World
King Charles Arrives in Washington Hours After Assassination Attempt
By Mike Harper · April 27, 2026
King Charles III and Queen Camilla land in Washington today for a four-day state visit that was planned months ago as a celebration of the 250th anniversary of American independence — and that now begins in the shadow of Saturday night’s attempted assassination at the Washington Hilton, three blocks from the White House.
Buckingham Palace confirmed the trip would proceed as planned following the shooting, but acknowledged that security arrangements had been reassessed. British Ambassador Sir Christian Turner said officials were “very confident that all appropriate security measures are in place” for the royal visit, while British officials acknowledged there would be “some modest operational adjustments to one or two royal engagements” without specifying what had changed.
The visit is the first by a British monarch to the United States since Queen Elizabeth II was hosted by President George W. Bush in 2007. For Charles, it is the first state visit to America of his reign — and by most assessments, the most diplomatically significant trip he has undertaken as king.
President Trump and First Lady Melania Trump will greet the King and Queen at the South Portico of the White House this afternoon. The couples will then move to the State Floor for a private tea in the Green Room, followed by a tour of the newly expanded White House Beehive on the South Lawn. Tuesday’s agenda includes a formal State Arrival Ceremony — complete with a 21-gun salute, military honors from the US Army Herald Trumpets, and the US Marine Band — followed by the traditional state dinner.

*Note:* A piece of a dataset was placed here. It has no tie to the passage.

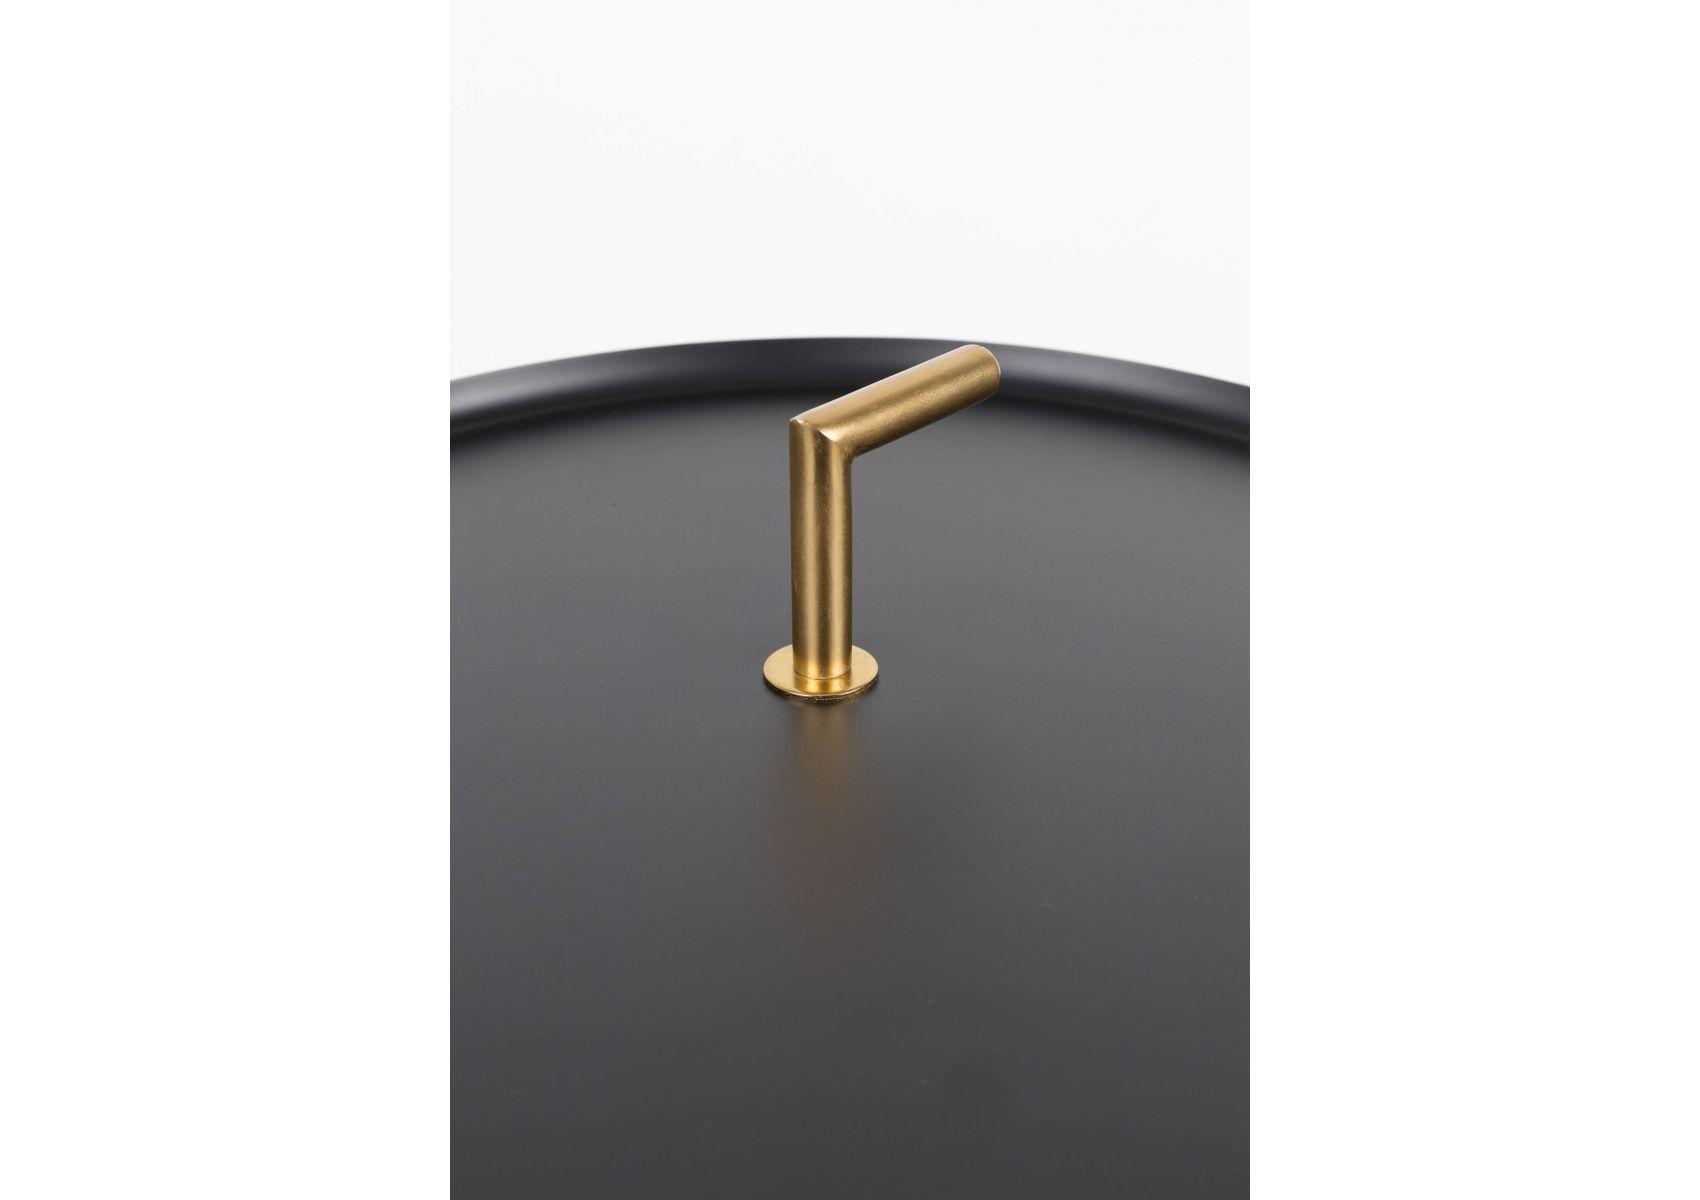 table d 39 appoint m tal et laiton rumbi boite design. Black Bedroom Furniture Sets. Home Design Ideas

The diplomatic stakes are considerable. The US-UK relationship has been under strain in recent months as Trump has pressured British and European allies over their reluctance to support the Iran war more directly, and as trade disputes have complicated the economic dimension of the special relationship. A Chinese company with ties to Beijing recently announced a $300 million investment in Trump family cryptocurrency ventures — a detail that has complicated both the crypto legislation fight and the broader diplomatic atmosphere in which Charles arrives.
One thread connecting Saturday’s attack to this week’s visit is the question of security protocols for events where the president is present. UK lawmakers called publicly over the weekend for the state visit to be canceled in light of Saturday’s shooting. Parliament was not persuaded. But the scrutiny of how a paying hotel guest was able to walk a shotgun past Secret Service agents and fire it at a presidential event will hang over every public appearance Trump makes this week — including the elaborate ceremonies planned for the South Lawn.
According to a professor of history at Redeemer University who studies the British monarchy, every word Charles and Camilla will say to Trump and the First Lady has been pre-cleared with Downing Street, and no moment will be left unscripted. “Unscripted means unpredictable,” he said, “and unpredictable is when things can get ugly.”
On Wednesday, Charles and Camilla travel to New York City for a visit to the September 11 memorial. On Thursday, the King returns solo to Washington for farewells before traveling to Bermuda — his first visit to a British Overseas Territory as monarch.
The visit coincides with the opening weeks of a US-UK trade negotiation that could reshape tariff arrangements between the two countries. Whether Charles’s presence accelerates or merely decorates that conversation is, for now, an open question.